Wearing Hunter Orange Saves Lives

a hunter in orange suit and one in dark suit in the woods
The two hunters in this picture (one wearing camo and the other
hunter orange) are invisible to deer if they don't move.
Who would you want to be if there were another
hunter nearby, and a deer between you?

Hunter orange, also known as fluorescent orange or blaze orange, should be worn to make a hunter more visible and prevent other hunters from mistaking them for an animal, or shooting in their direction.

Hunters who wear hunter orange are seven times less likely to be shot. Wearing fluorescent orange or fluorescent pink while afield and ensuring it is visible from all directions greatly decreases your risk of being mistaken for game.

Hunting From Tree Stands

Every year, hunters are seriously injured, paralyzed, or killed falling out of tree stands. Falls from tree stands have become a major cause of hunting related injuries and fatalities in New York.

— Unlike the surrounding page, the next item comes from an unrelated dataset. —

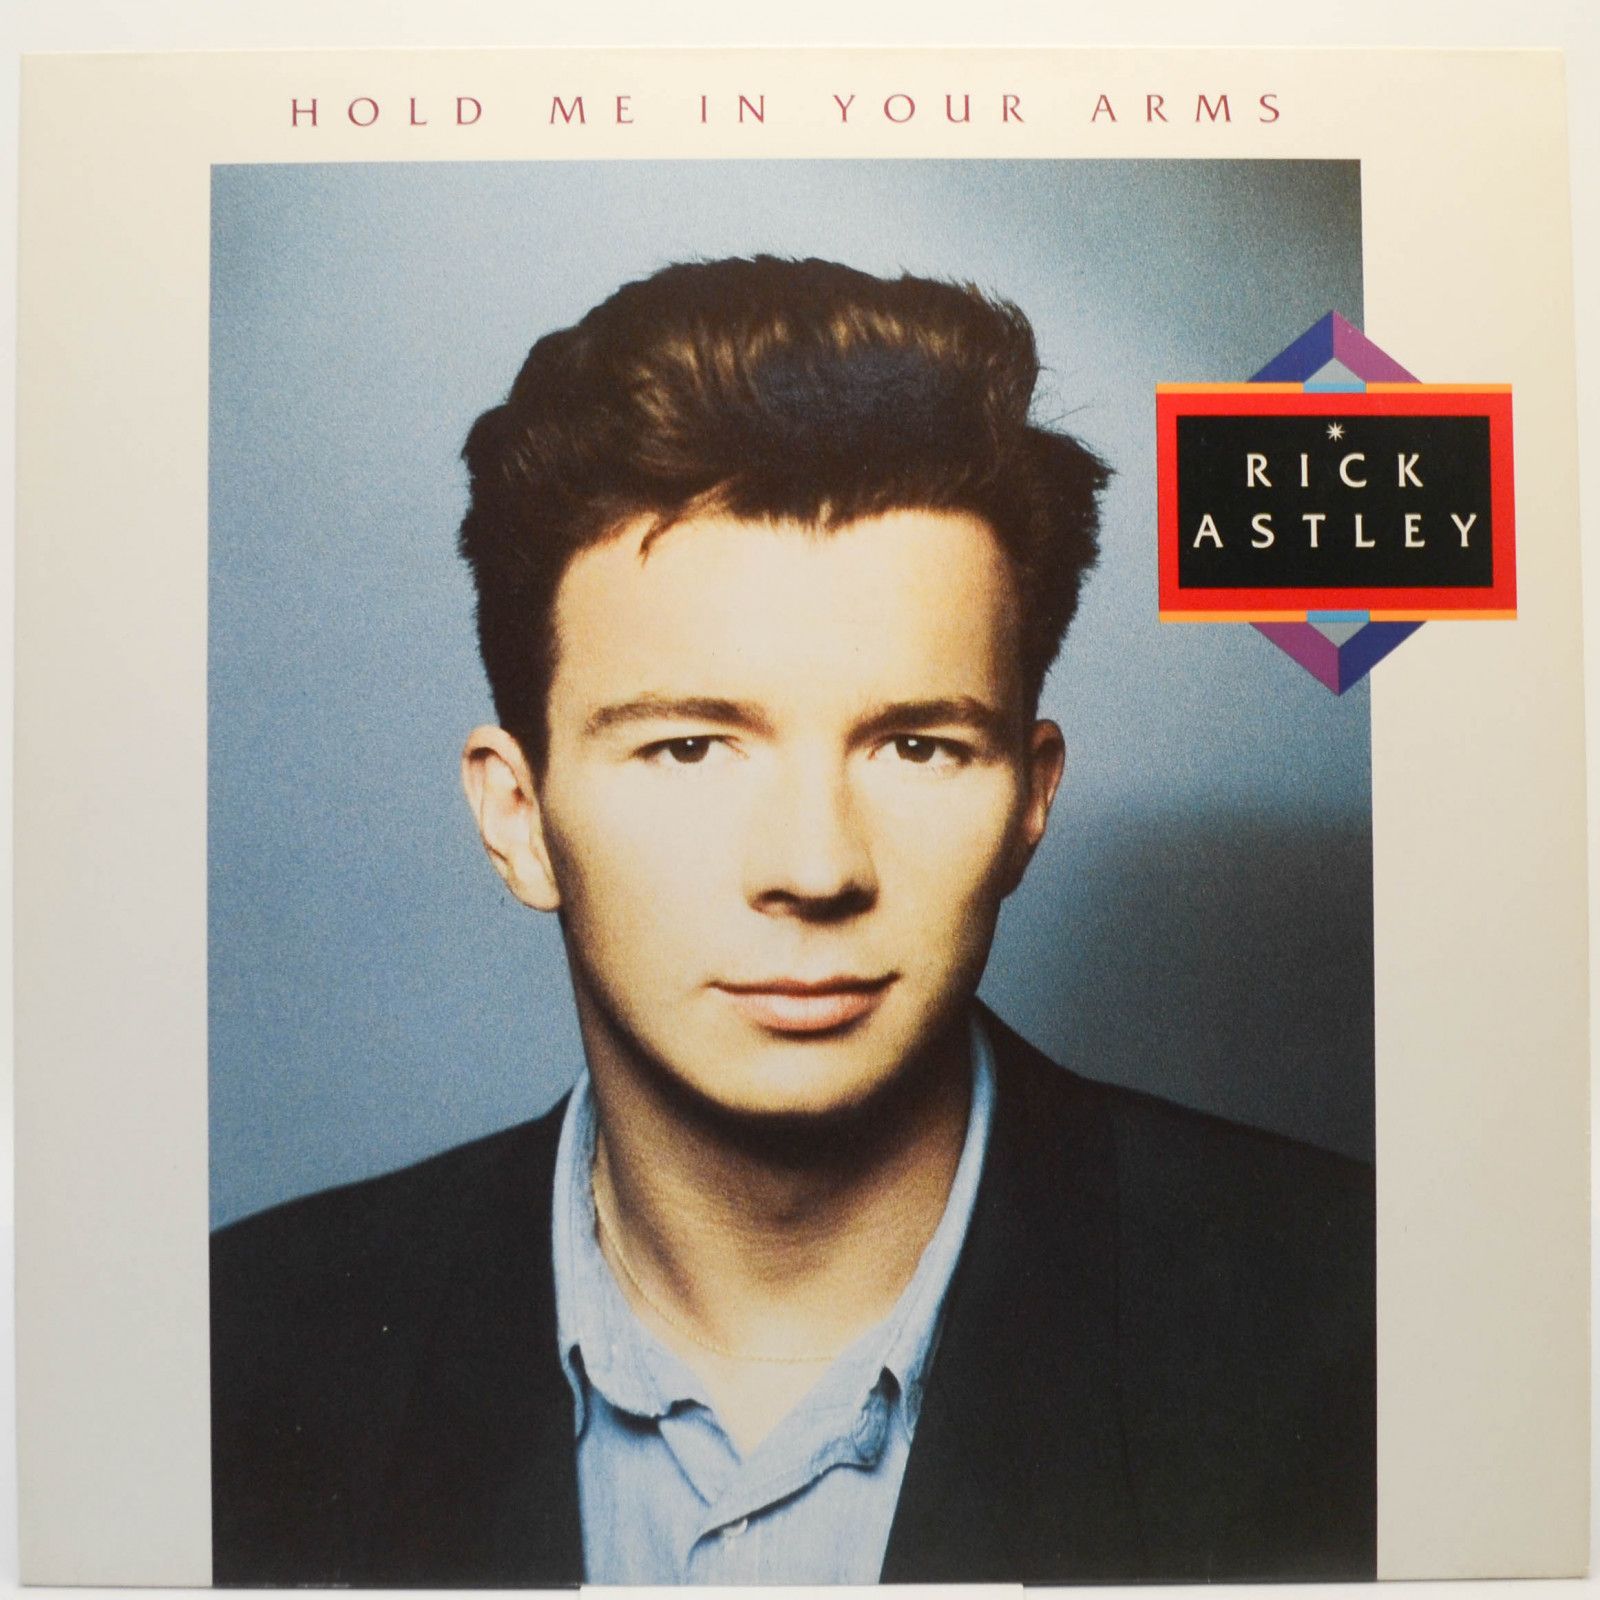 Rick Astley — Hold Me In Your Arms, 1988
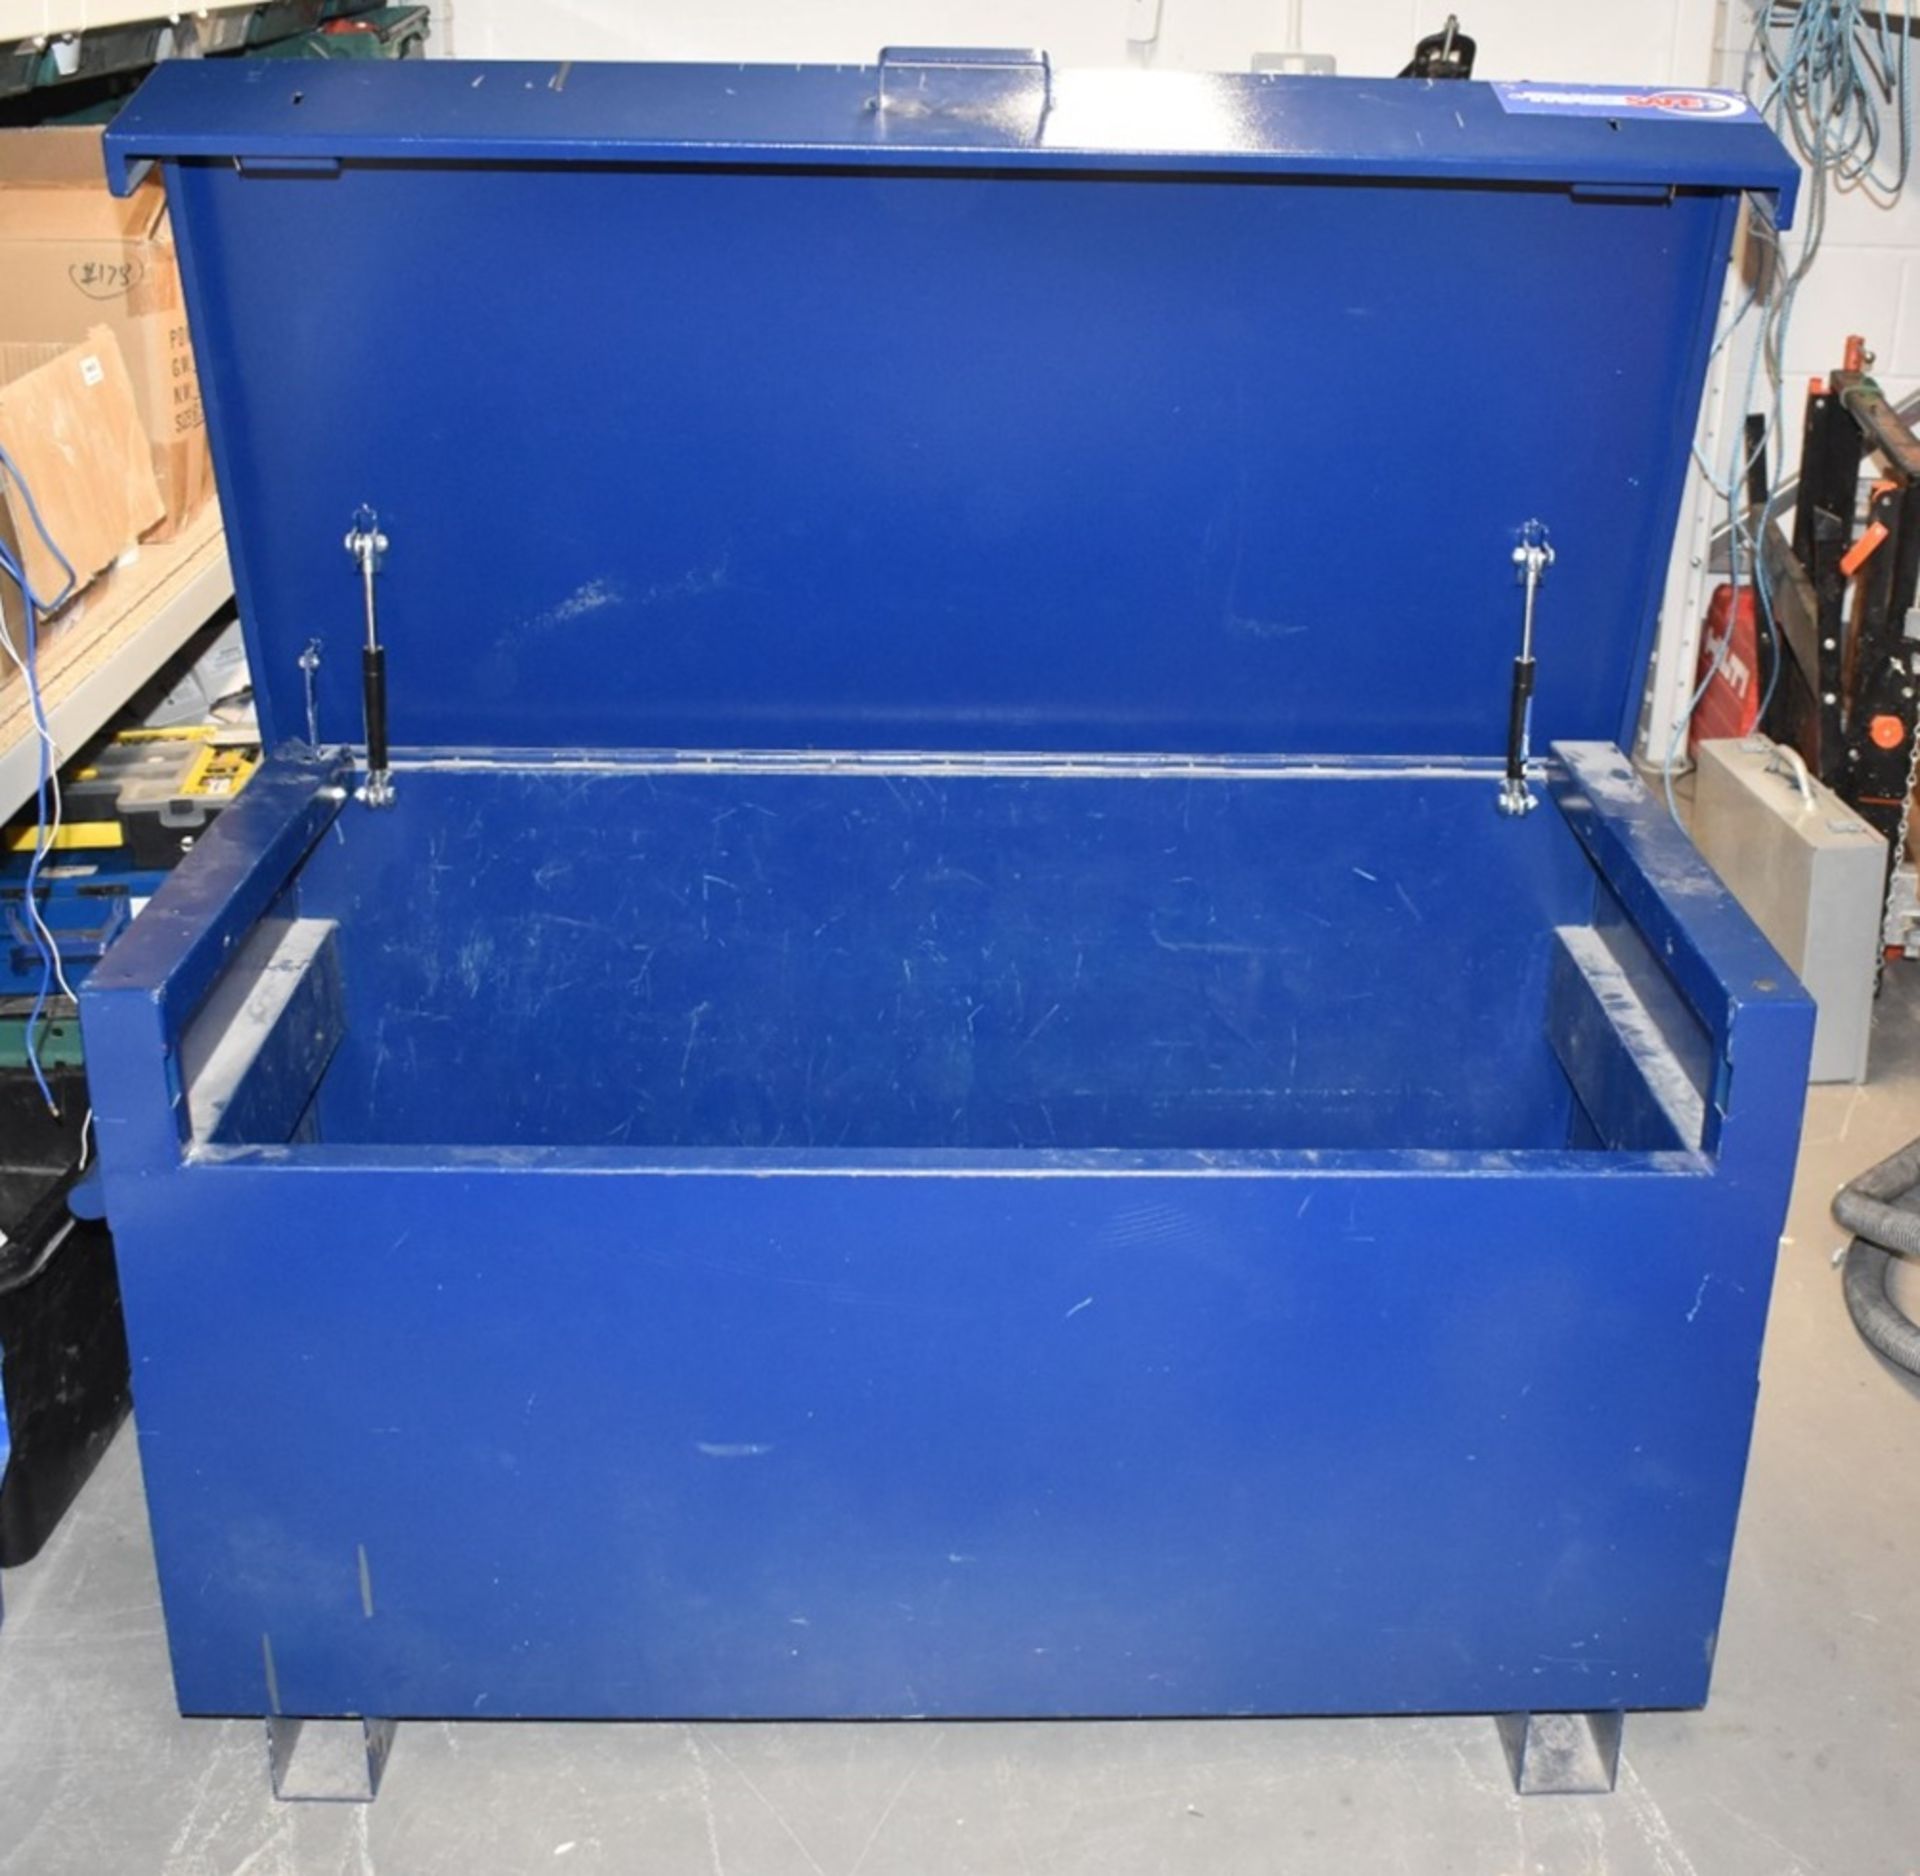 1 x TradeSafe Tool Storage Chest - Ideal For Use on Worksites and Vans To Help Protect Your - Image 2 of 4

In 2020, DEC investigated 13 tree stand incidents. One of the incidents was fatal. All 13 incidents involved a hunter who was not wearing a harness or the harness was not attached to the stand or the tree at the time of their fall. The proper use of tree stands, full-body harnesses, and lifelines will help to prevent these injuries and fatalities.

Tree Stand Safety Tips

  • Read the manufacturer's instructions and warnings before you use your tree stand and check your stands (including straps and chains) every season. Replace any worn or missing parts.
  • Use a full-body harness with a lifeline and stay connected from the time you leave the ground to the time you get back down.
  • Be aware of suspension trauma. Be sure the harness has a foot strap to relieve harness leg pressure.
  • Use a "lifeline" or safety rope that is secured at the base of the tree or stand and to the tree just above your head when sitting in the stand. Attach the tether from your full-body harness to the lifeline using a carabiner and prusik knot, which easily slides up and down the lifeline, keeping you connected at all times.
    a hunter on a tree stand putting on safety straps
    Hunter using safety straps
  • Once you are safely in your stand, and your tether is attached to the tree, raise your equipment into your stand. Always use a haul line, such as a strong rope, to raise and lower your unloaded gun or cocked crossbow or bow with quiver up the stand. Do not tie the haul line around the trigger or trigger guard on a firearm. Raise a firearm with the muzzle pointing down.
  • Let a reliable person know where you will be hunting and when you will return. A map showing your stand location makes it easier for others to find you if you do not return on time.
  • Carry emergency equipment, such as a knife, cell phone, flashlight, and whistle in your pockets at all times (not in your pack hanging in the tree).

Fitness For Hunters

Hunting is a physical sport. Every hunting season is marred by hunters who suffer heart attacks and strokes. Walking while carrying gear, spotting, and shooting at a deer and dragging a carcass can cause more stress than the heart can handle. That's especially true if you are not physically active, smoke, have high blood pressure, elevated cholesterol, or other health problems. It is a good idea to start building up your endurance before hunting season. But you don't have to train like a marathon runner. Any activity that gets you moving around, even if it's just 30 minutes each day, can start strengthening your heart and lungs so you can have a safe hunting season.